▶ **Information shown**
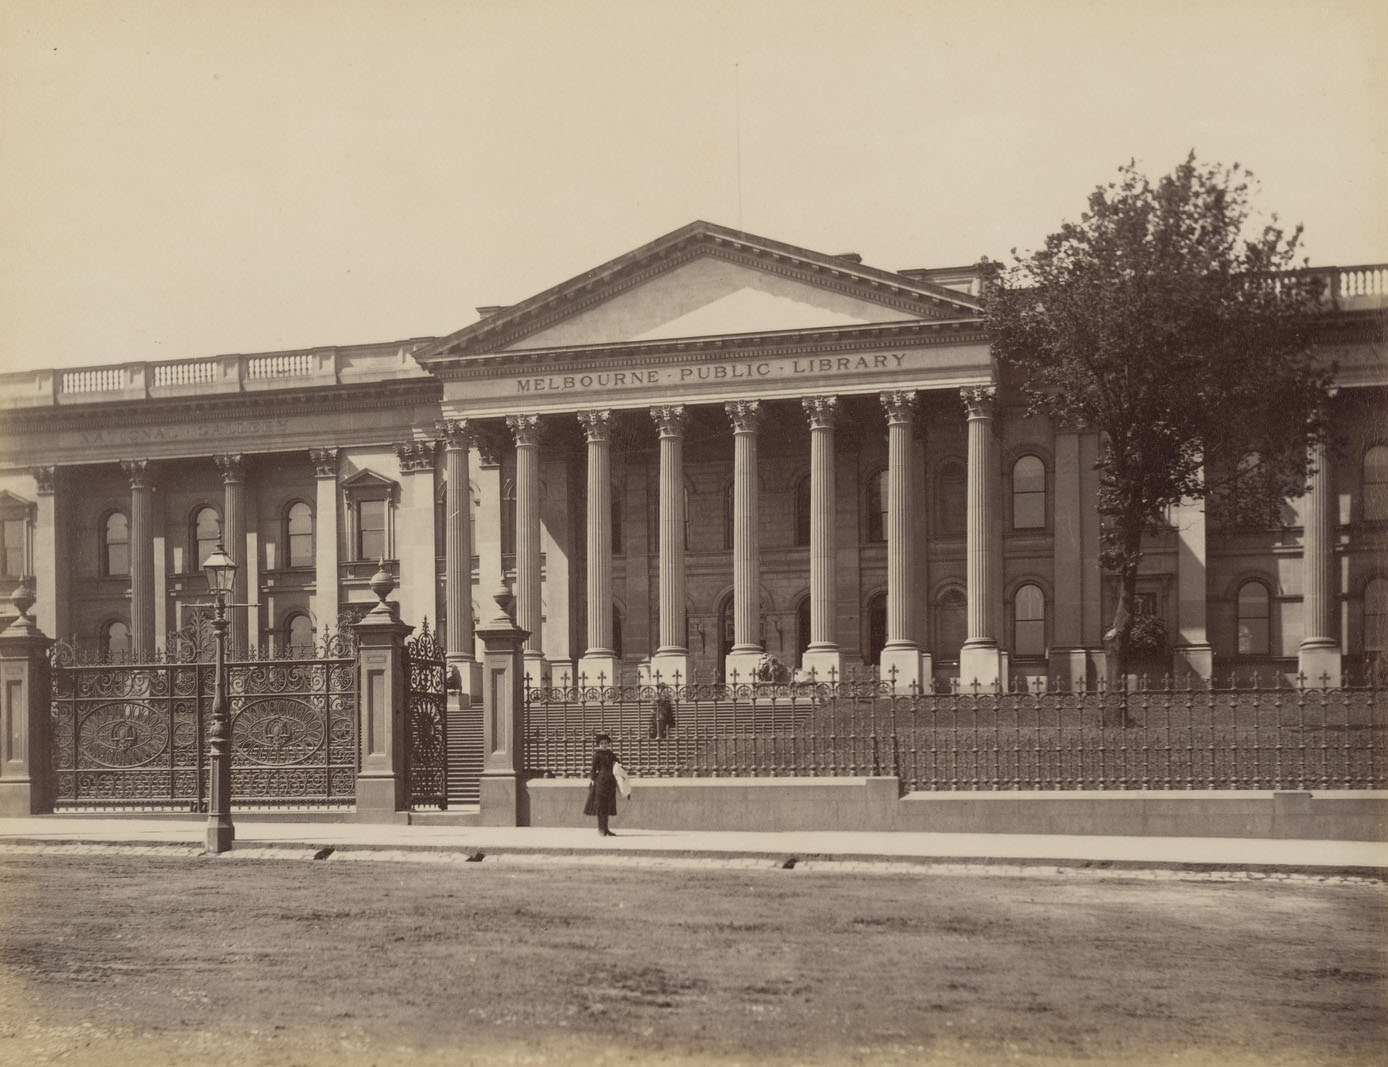 Melbourne Public Library, 1885
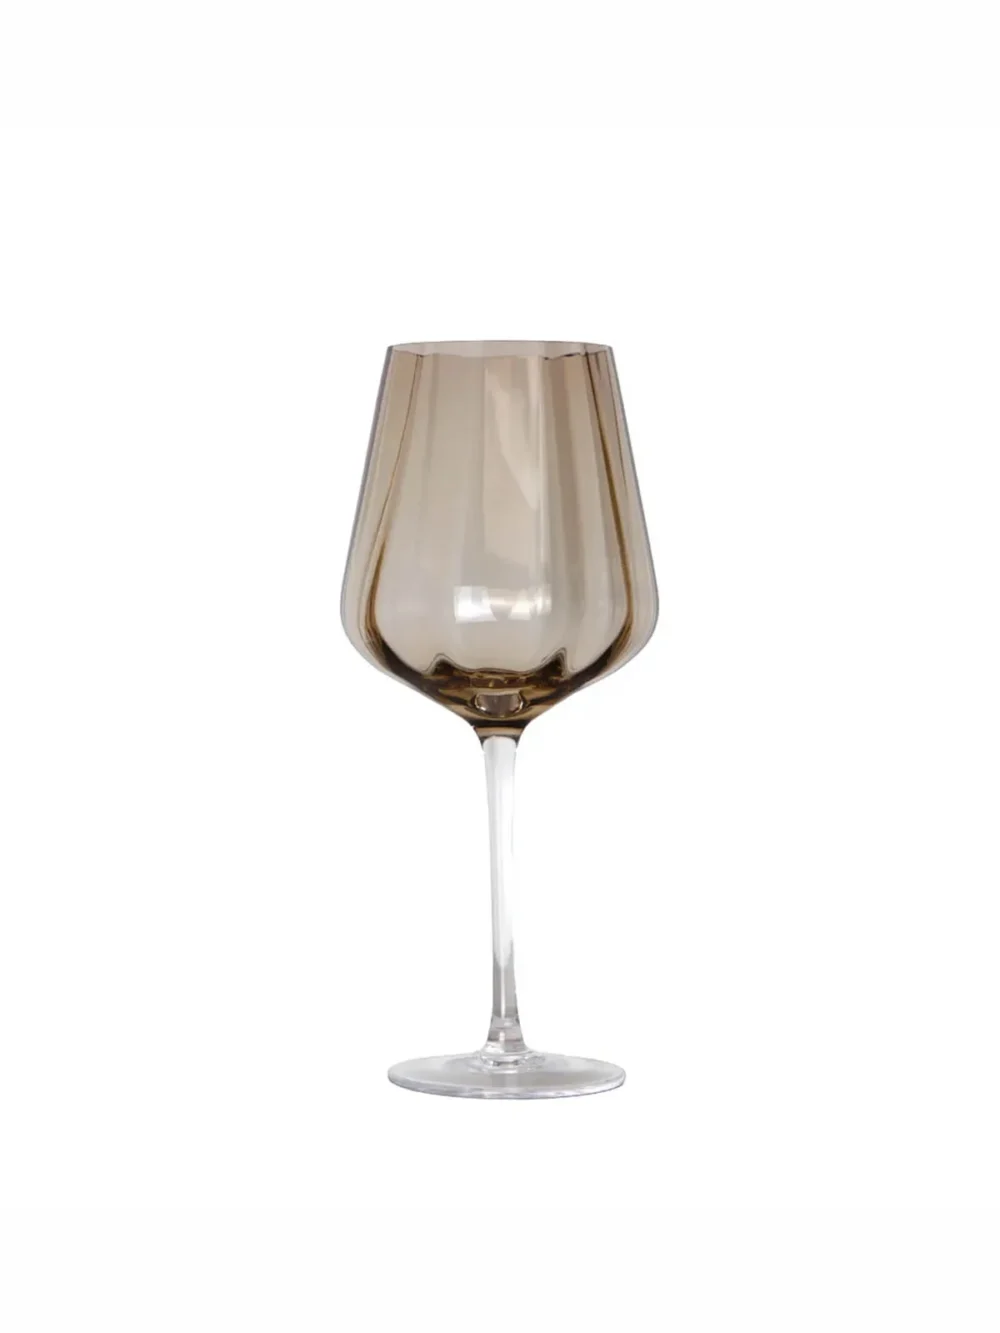 vinglas i topaz, meadow, dansk design, vinglas, rødvinsglas, hvidvinsglas, specktrum, remix by sofie, mundblæst glas, borddækning, tableware
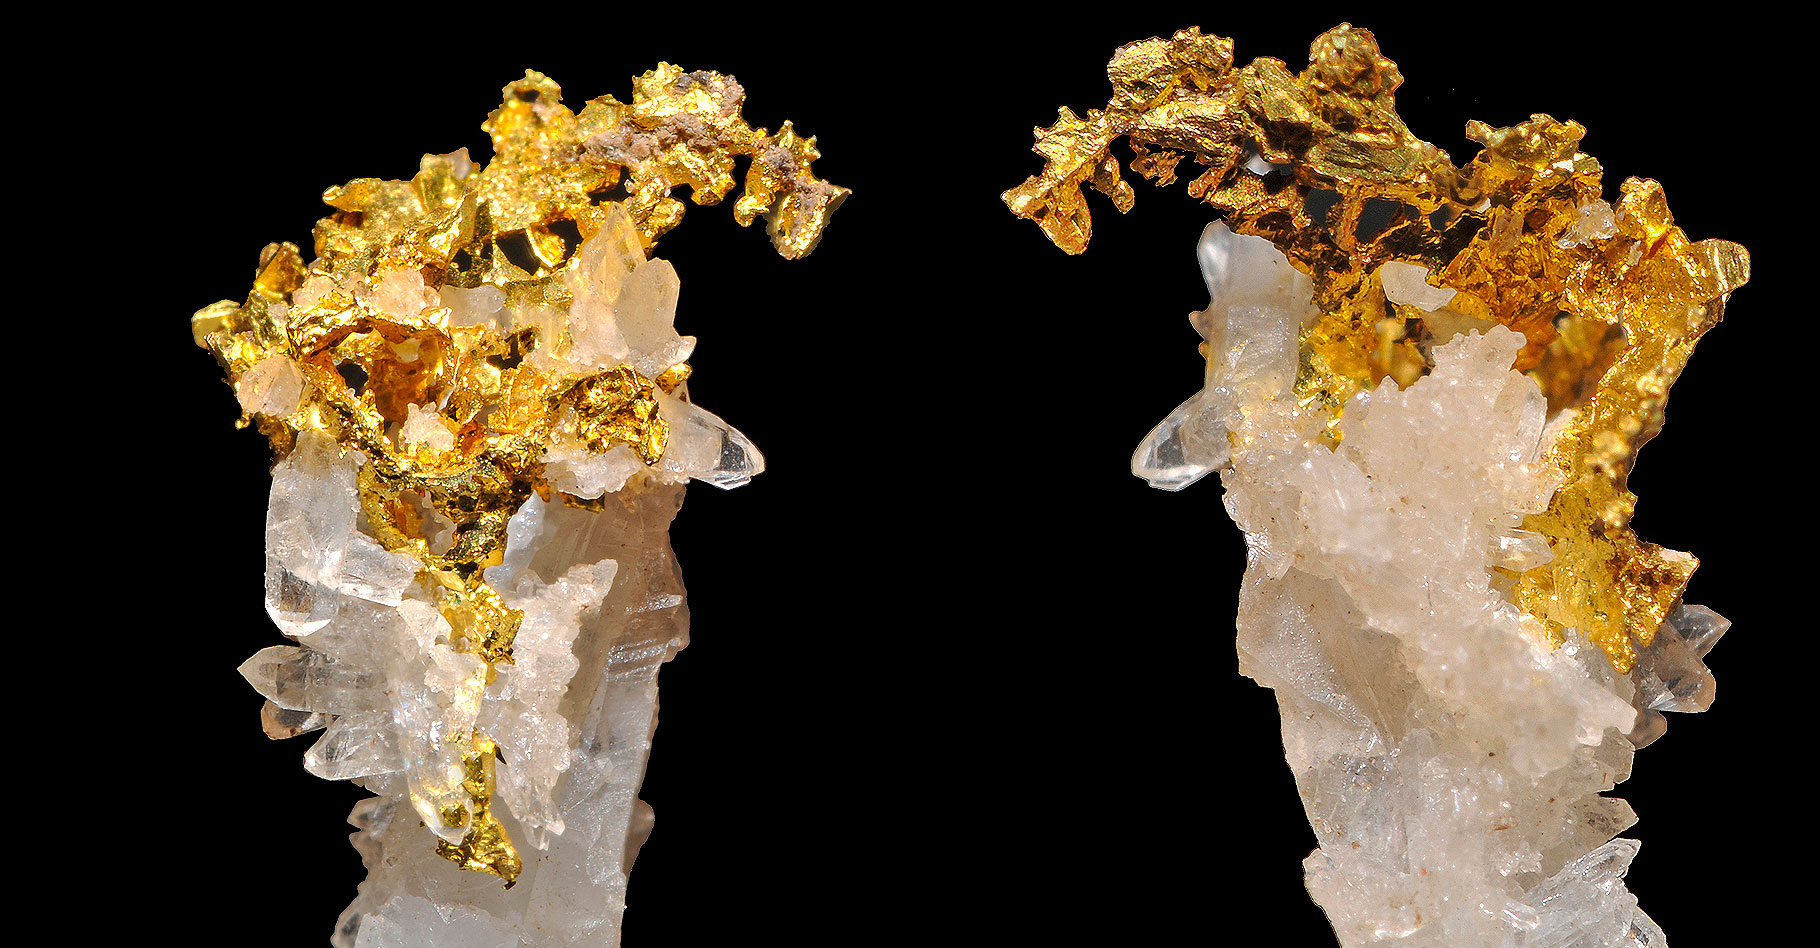 Cristaux d'or et de quartz. © Parent Géry, CC by-sa 3.0 

▶ **Assignment**
Write out all the material verbatim, images excluded.

▶ **Exercise solution**
 Melbourne Public Library, 1885
 vinglas i topaz, meadow, dansk design, vinglas, rødvinsglas, hvidvinsglas, specktrum, remix by sofie, mundblæst glas, borddækning, tableware
 Cristaux d'or et de quartz. © Parent Géry, CC by-sa 3.0 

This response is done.